__REQUIREMENT__
Pictures excluded, copy word for word the lines from the one holding "Fendi B Bag Handbags Patent leather" through the last line below.
START PROVIDED DATA
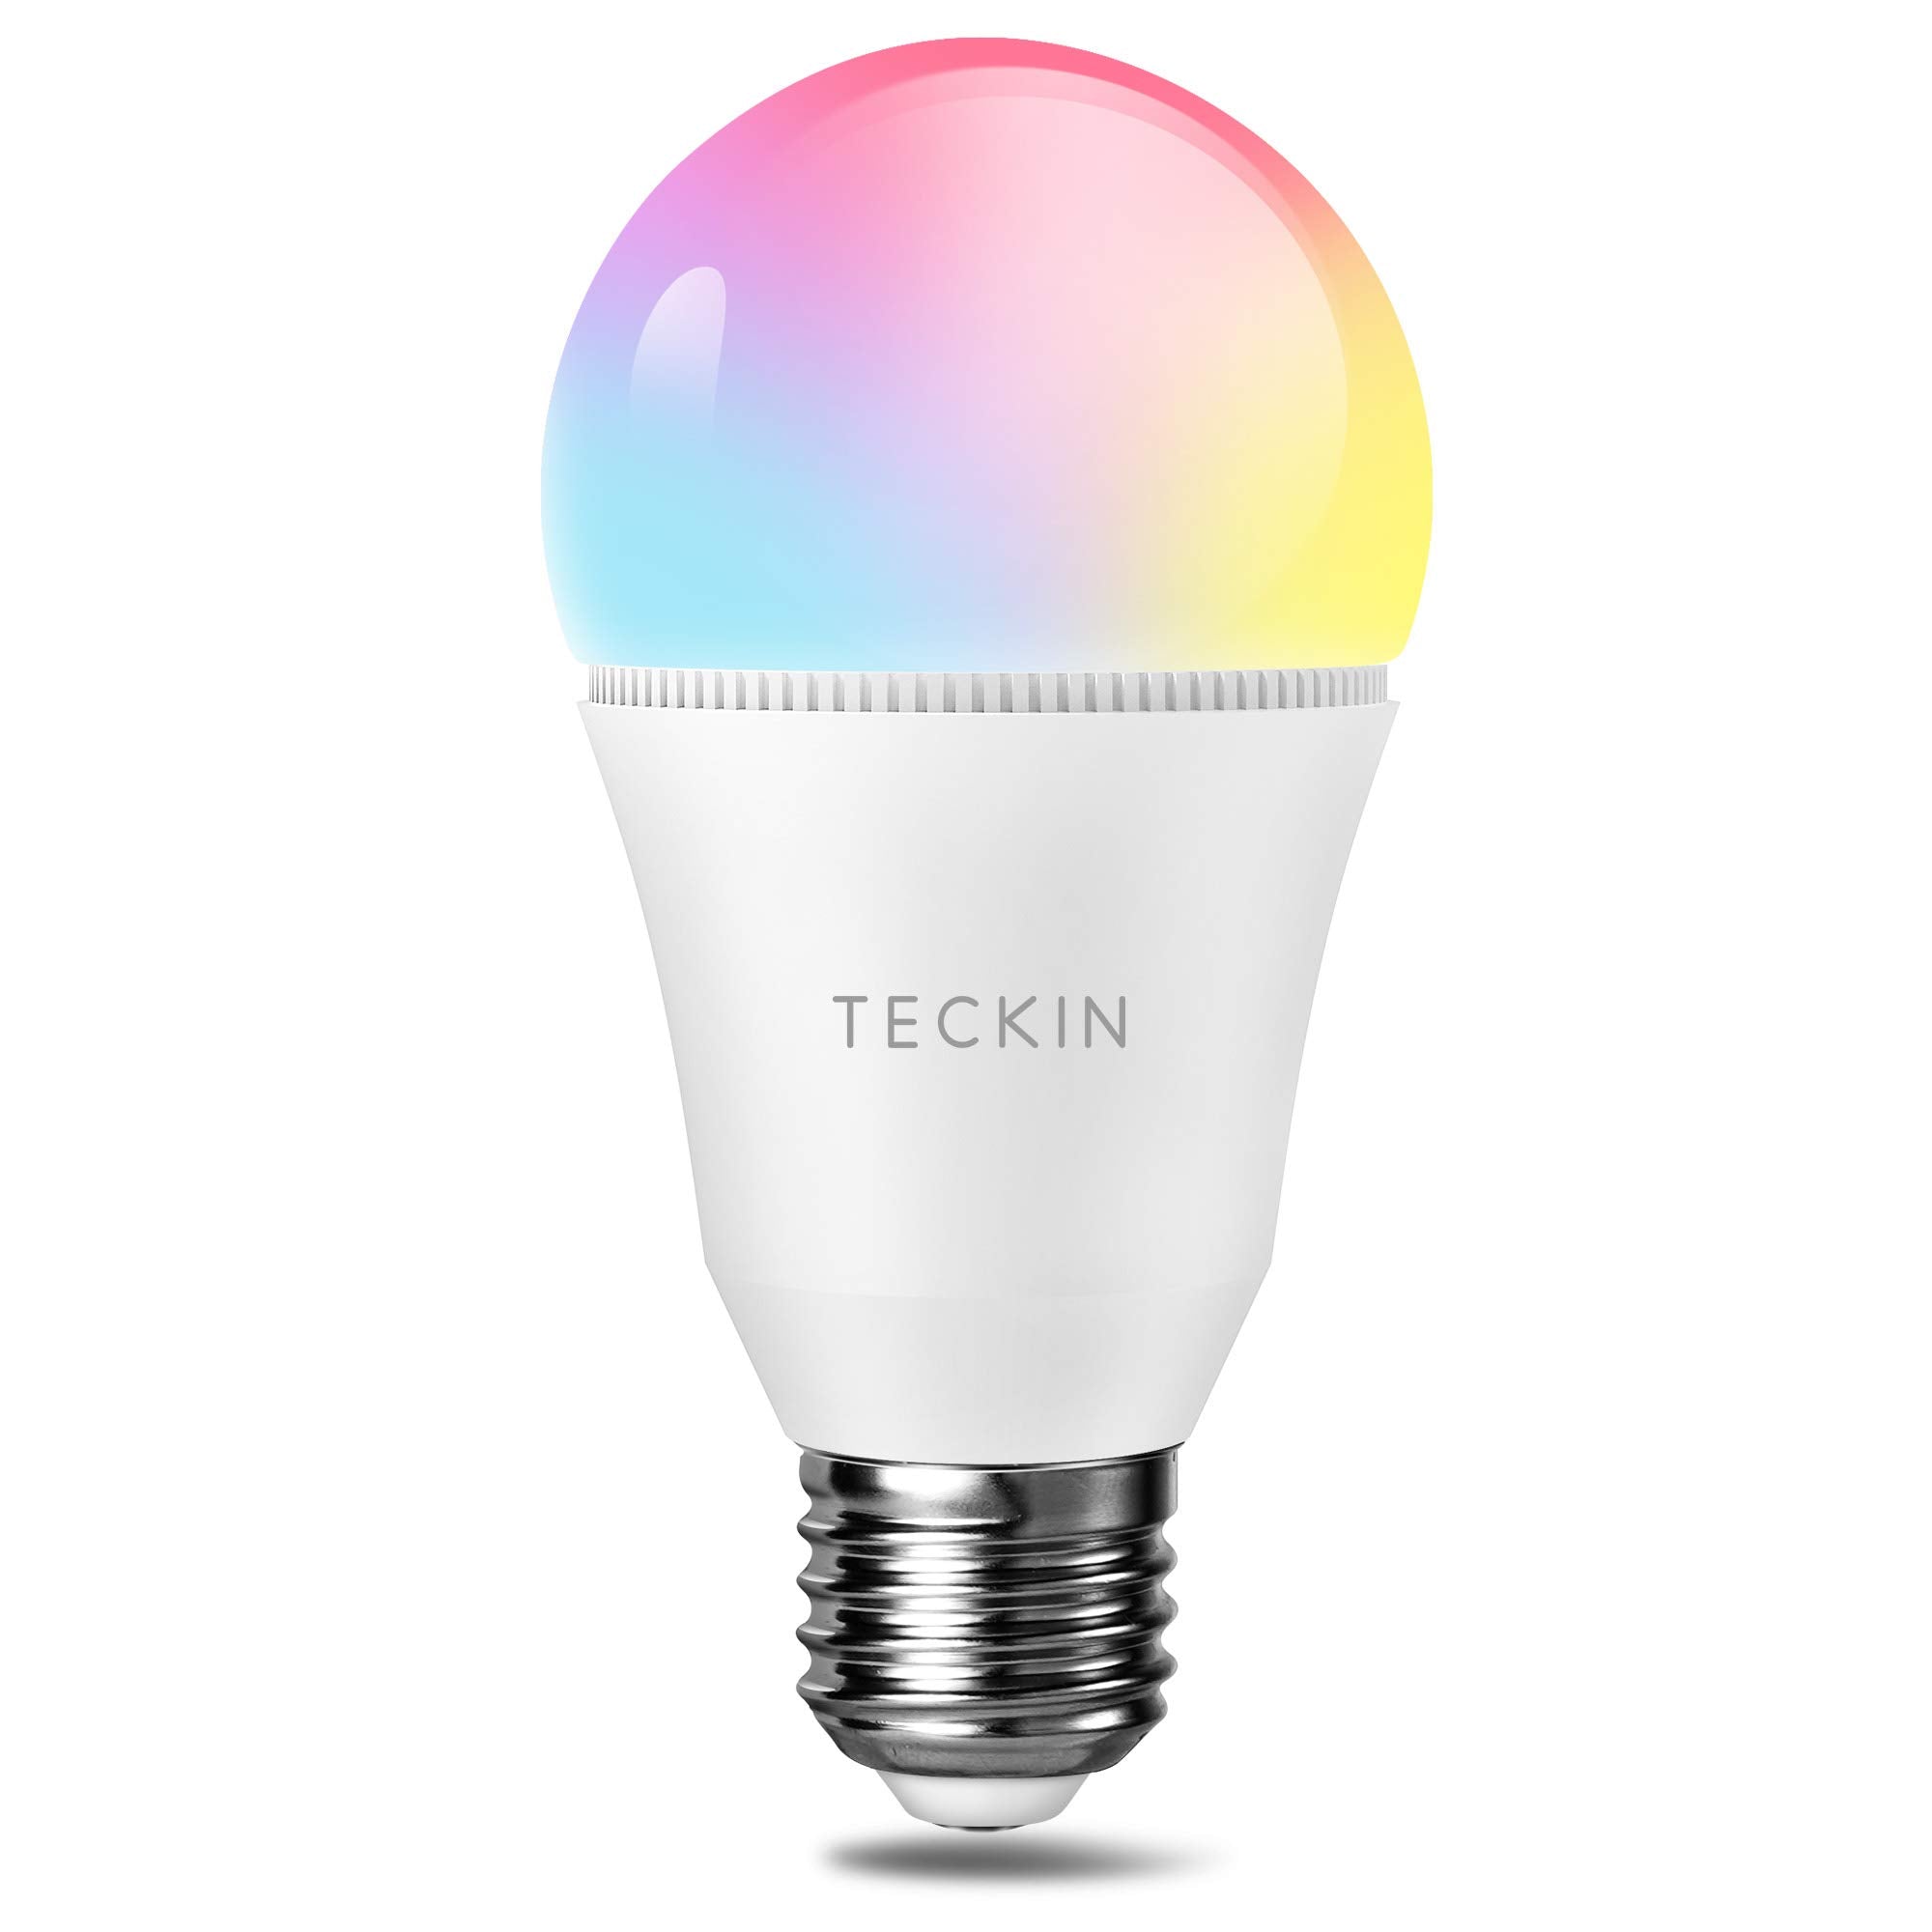 Teckin SB60 smart bulb
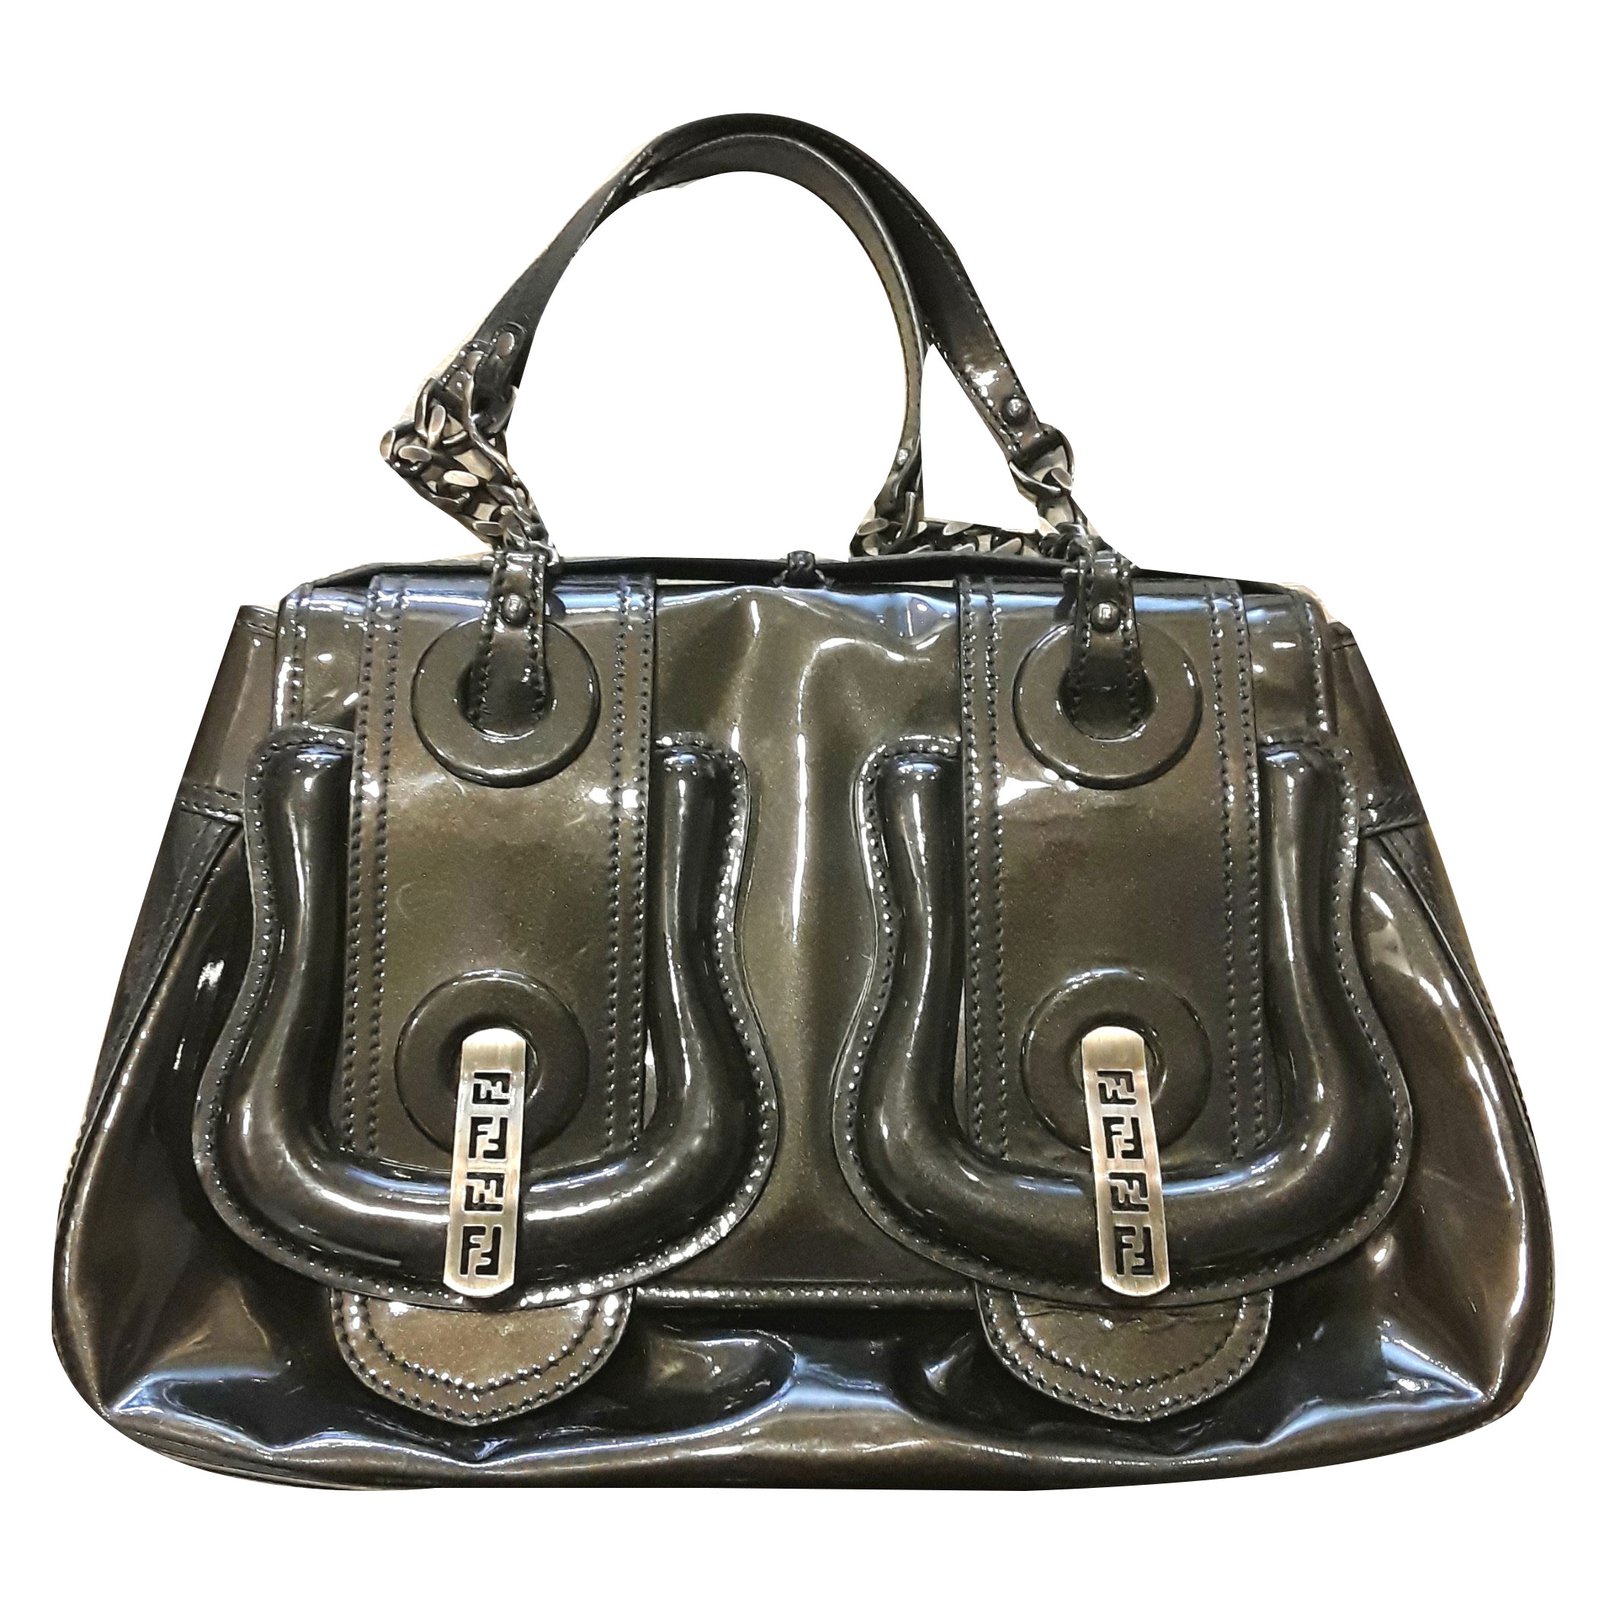 Fendi B Bag Handbags Patent leather 
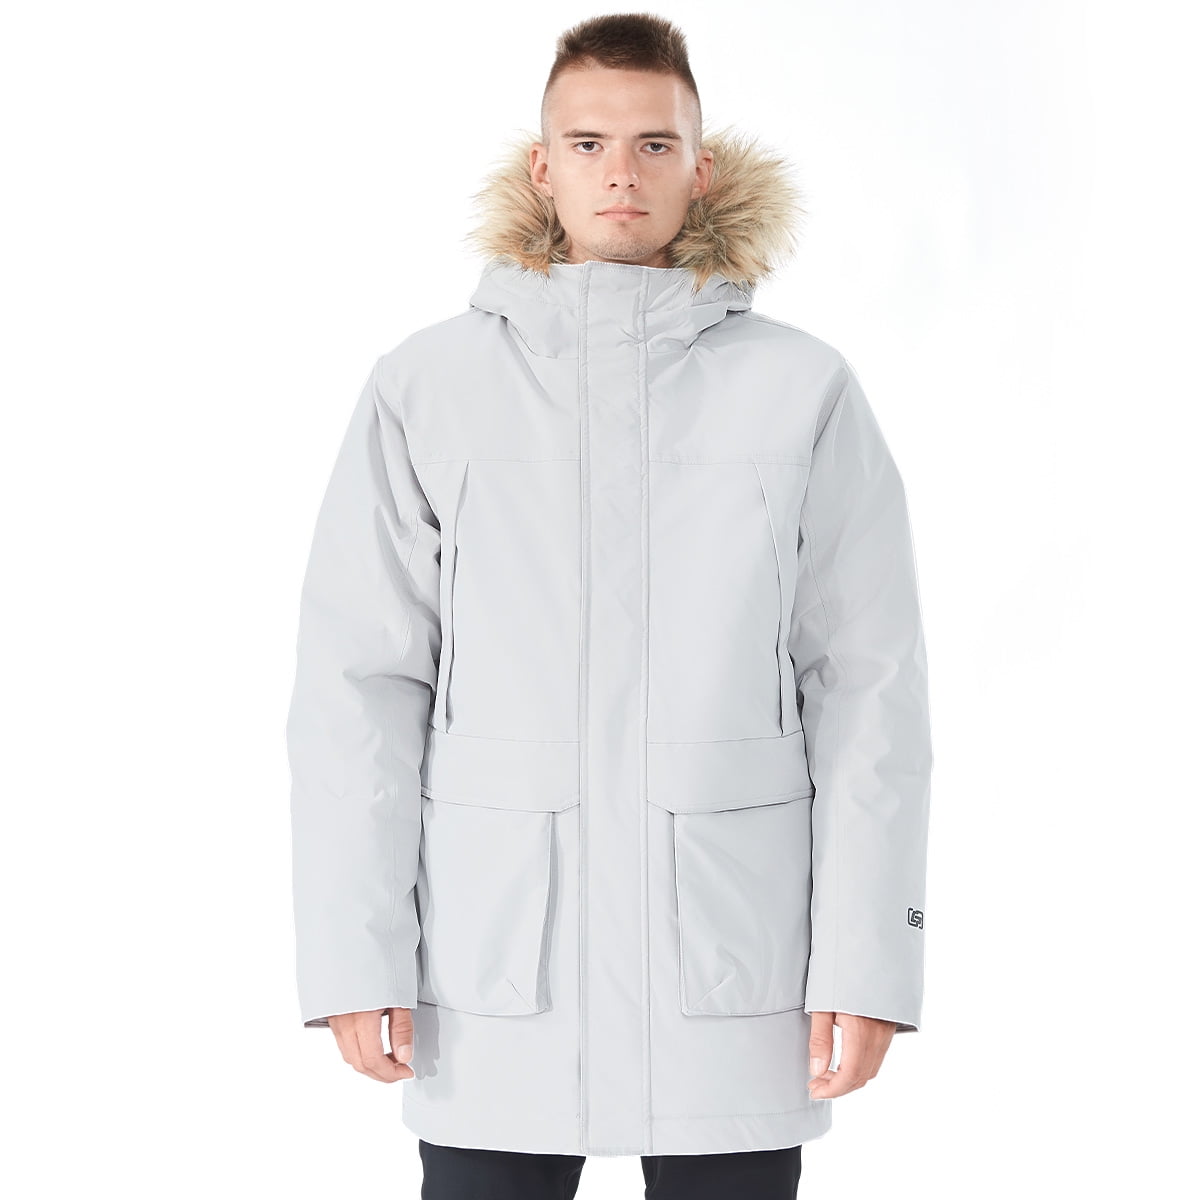 Goplus Men's Hooded Down Jacket Insulated Winter Puffer Parka Coat w ...
END PROVIDED DATA
__YOUR SOLUTION__
 Fendi B Bag Handbags Patent leather 
 Goplus Men's Hooded Down Jacket Insulated Winter Puffer Parka Coat w ...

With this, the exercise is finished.